Artikel i vetenskaplig tidskrift
Författare M. A. La Merrill
S. Sethi
L. Benard
E. Moshier
Börje Haraldsson
C. Buettner
Publicerad i Environmental Health Perspectives
Volym 124
Nummer/häfte 11
Sidor 1722-1727
ISSN 0091-6765
Publiceringsår 2016
Publicerad vid Institutionen för medicin, avdelningen för molekylär och klinisk medicin
Sidor 1722-1727
Språk en
Länkar dx.doi.org/10.1289/EHP164
Ämnesord persistent organic pollutants, cardiovascular-disease, gene-expression, blood-pressure, organochlorine pesticides, beta-cells, fetal, 2,3,7,8-tetrachlorodibenzo-p-dioxin, association, growth, Environmental Sciences & Ecology, Public, Environmental & Occupational, Health, Toxicology
Ämneskategorier Miljömedicin, Kardiologi, Toxikologi

Sammanfattning

BACKGROUND: Dichlorodiphenyltrichloroethane (DDT) was used extensively to control malaria, typhus, body lice, and bubonic plague worldwide, until countries began restricting its use in the 1970s. However, the use of DDT to control vector-borne diseases continues in developing countries. Prenatal DDT exposure is associated with elevated blood pressure in humans. OBJECTIVE: We hypothesized that perinatal DDT exposure causes hypertension in adult mice. METHODS: DDT was administered to C57BL/6J dams from gestational day 11.5 to postnatal day 5. Blood pressure (BP) and myocardial wall thickness were measured in male and female adult offspring. Adult mice were treated with an angiotensin converting enzyme (ACE) inhibitor, captopril, to evaluate sensitivity to amelioration of DDT-associated hypertension by ACE inhibition. We further assessed the influence of DDT exposure on the expression of mRNAs that regulate BP through renal ion transport.

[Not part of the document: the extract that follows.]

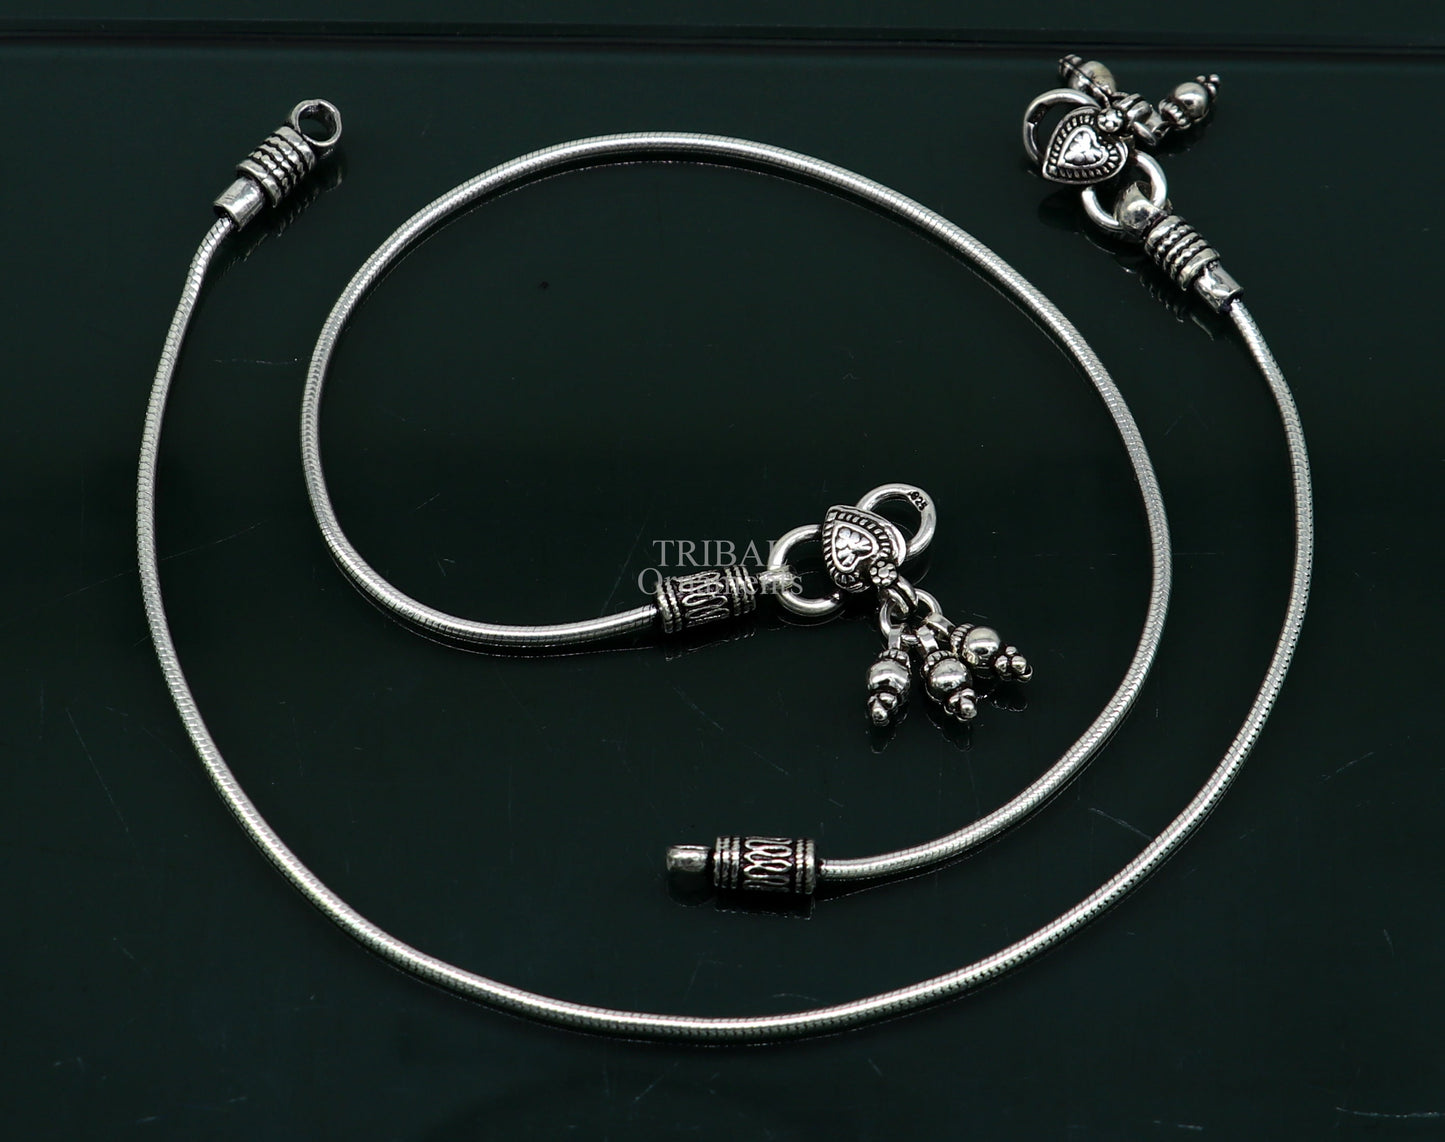 10.5"Handmade snake chain 925 sterling silver ankle bracelet, silver anklets, foot bracelet amazing belly dance jewelry gift her nank460 - TRIBAL ORNAMENTS

RESULTS: Adult mice perinatally exposed to DDT exhibited chronically increased systolic BP, increased myocardial wall thickness, and elevated expression of mRNAs of several renal ion transporters. Captopril completely reversed hypertension in mice perinatally exposed to DDT. CONCLUSIONS: These data demonstrate that perinatal exposure to DDT causes hypertension and cardiac hypertrophy in adult offspring. A key mechanism underpinning this hypertension is an overactivated renin angiotensin system because ACE inhibition reverses the hypertension induced by perinatal DDT exposure.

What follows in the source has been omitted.